Cleaning up and combining into one tsv (this will need to be done differently for each GLDS based on what's in these tables):
# making sure they are in the same order
diff <( tr -d '"' < GLDS-311_samples_export.csv | cut -f 2 -d "," ) <( tr -d '"' < GLDS-311_genome_sequencing_export.csv | cut -f 1 -d "," )
# combining
tr -d '"' < GLDS-311_samples_export.csv | tr "," "\t" | sed 's/Characteristics: //' | cut -f 1-3 | sed 's/ $//' > p1.tmp
tr -d '"' < GLDS-311_genome_sequencing_export.csv | tr "," "\t" | cut -f 2-3 | sed 's/Parameter Value: //' > p2.tmp
paste p1.tmp p2.tmp | sed \$d > GLDS-311-genome-info.tsv
rm p1.tmp p2.tmp
Doing it with shorter and more helpful filenames.

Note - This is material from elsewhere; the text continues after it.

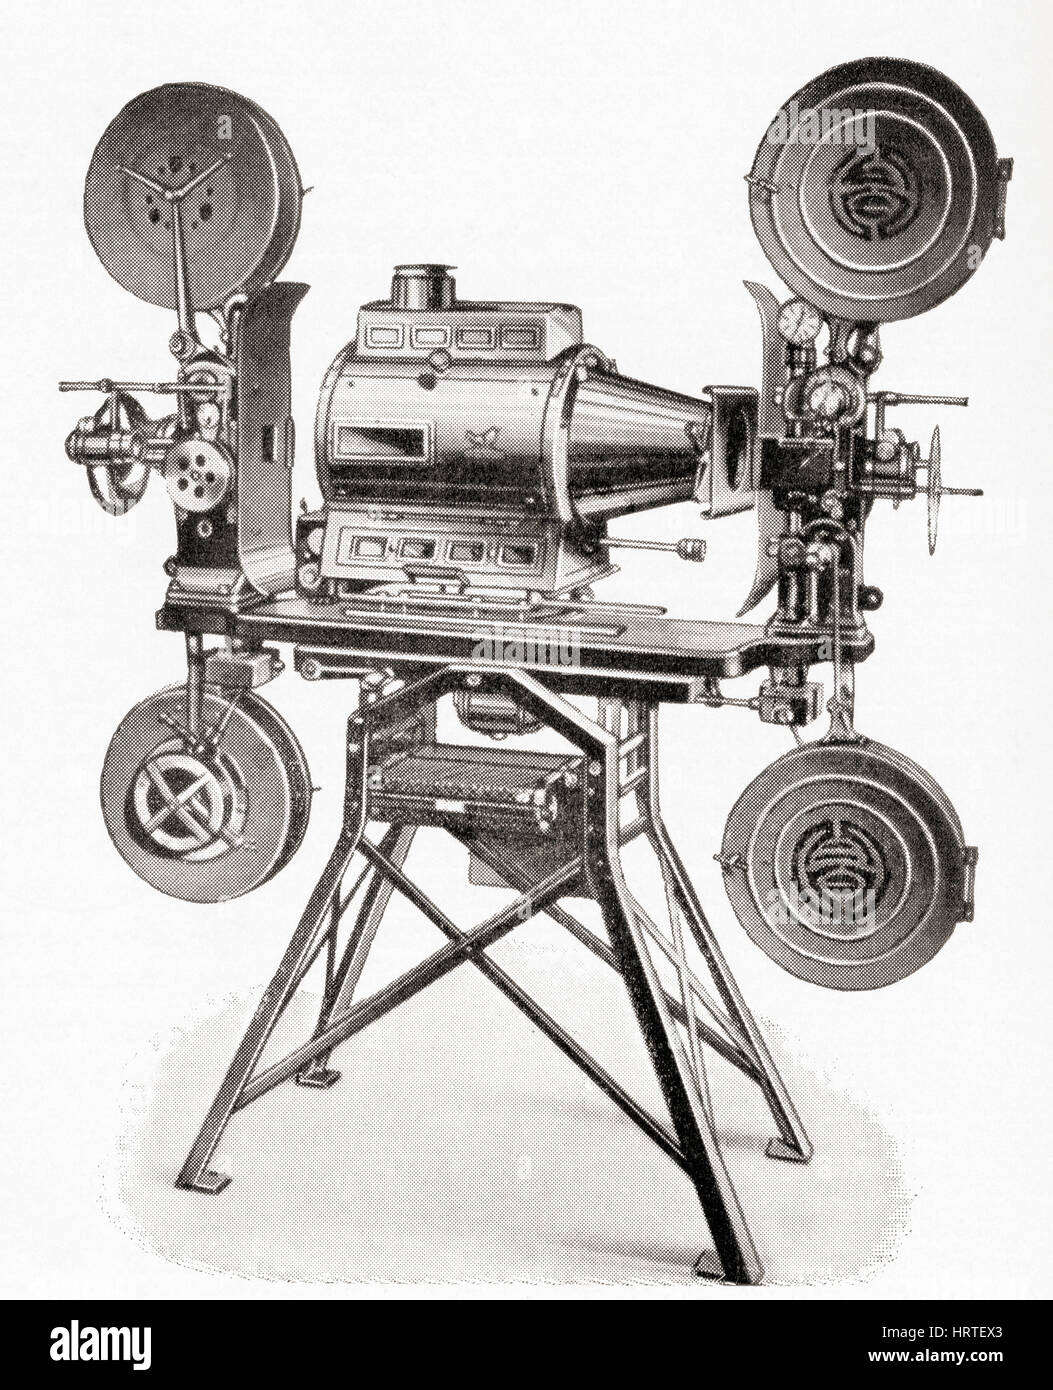 Ein Hahn Görzer Twin Projektion Film-Kamera.  Aus Meyers Lexikon veröffentlicht 1927. Stockfoto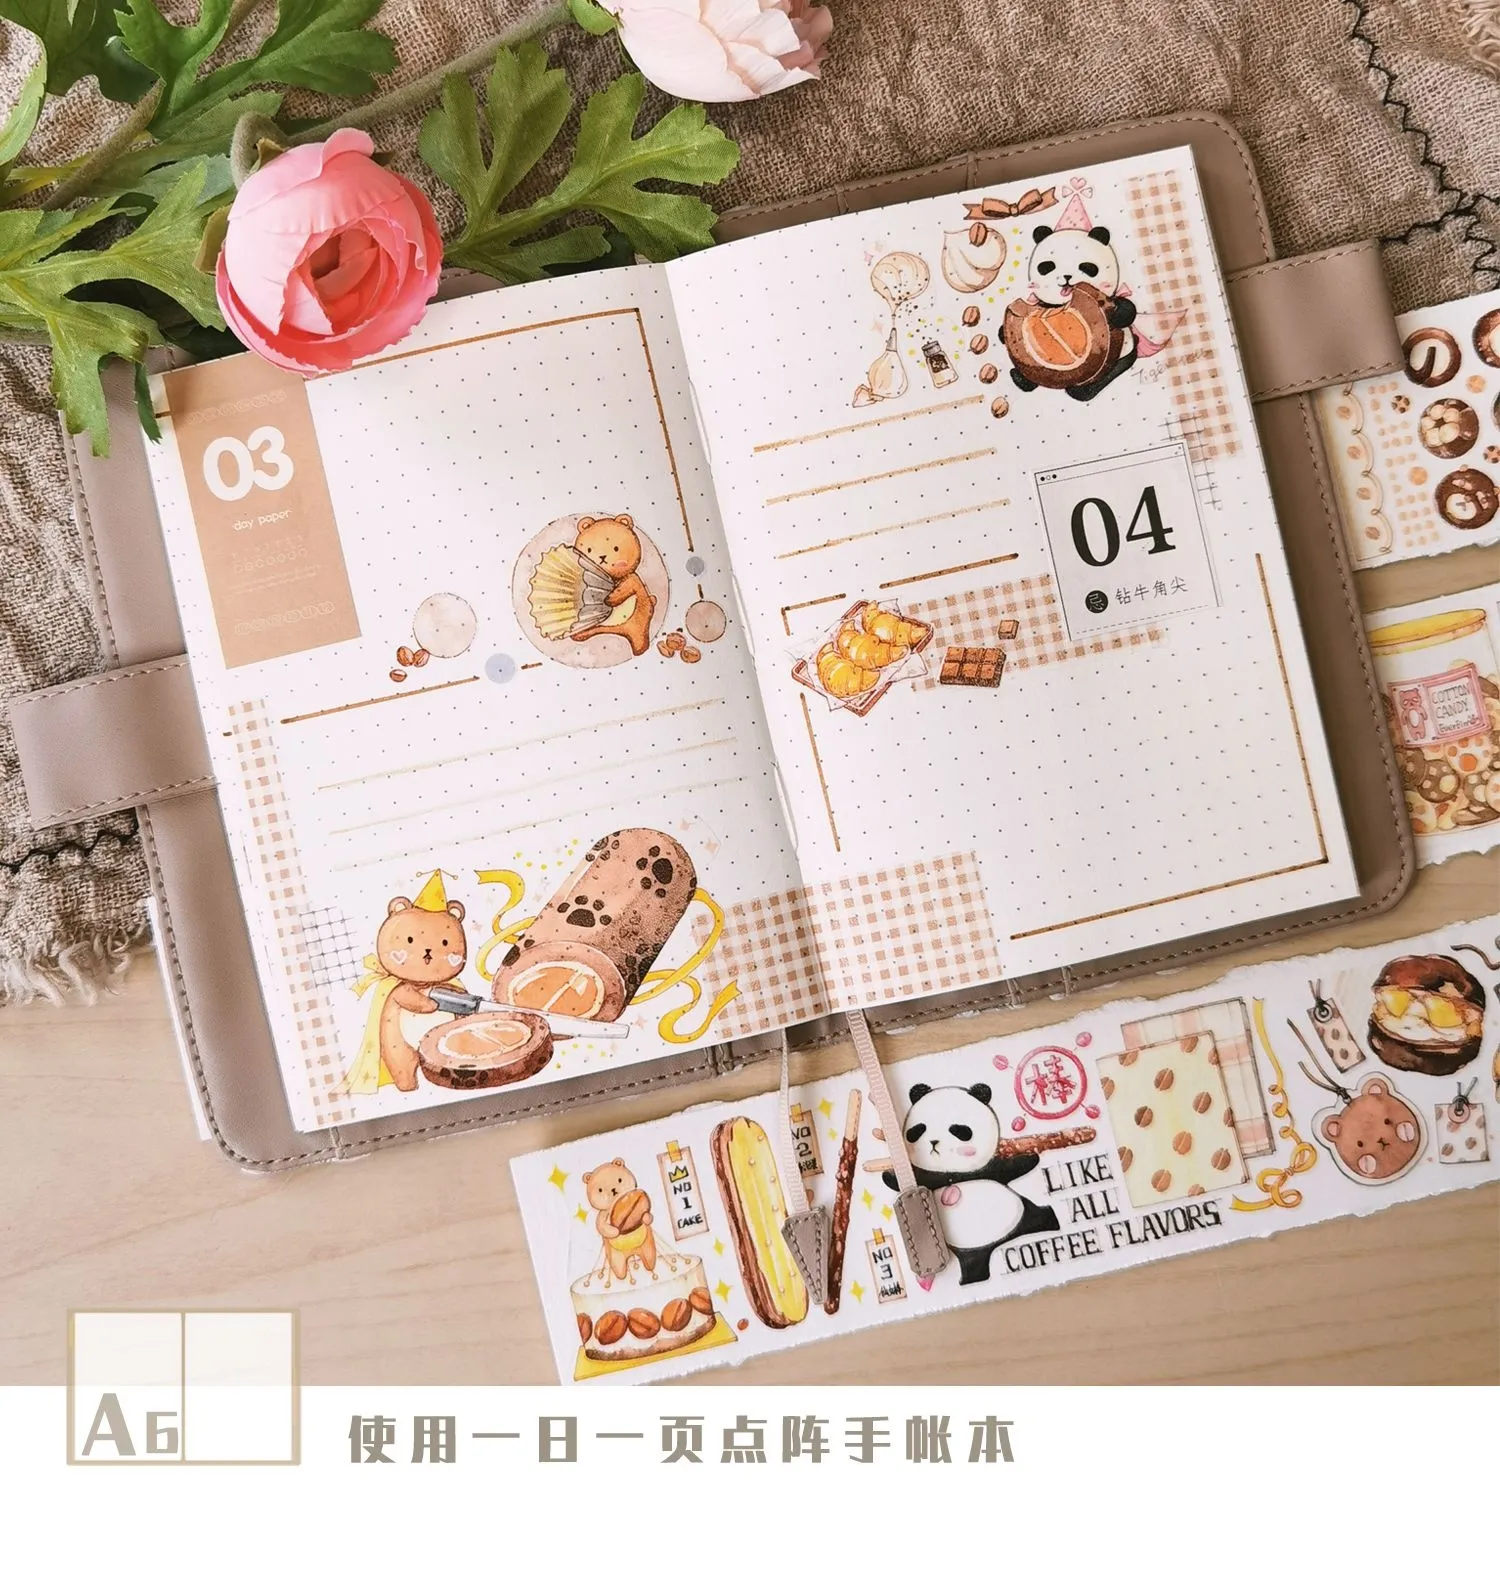 Hot Koop Nieuwe Stijl Voor Scrapbook En Note Boek Schema Decoratie Washi Sticker Cartoon Washi Tape

This will need to be done specific for each GLDS depending on the info there and format.
# getting info in same order as our links
for i in $(tail -n +2 GLDS-311-files.tsv | cut -f 1)
do
grep ${i} GLDS-311-genome-info.tsv | cut -f 1,3 | tr " " "_" | tr "\t" "-" | sed 's/^/GLDS-311-/' | sed 's/$/.fasta.gz/'
done > wanted-filenames.tmp
# making sure they are all unique (should be the same number)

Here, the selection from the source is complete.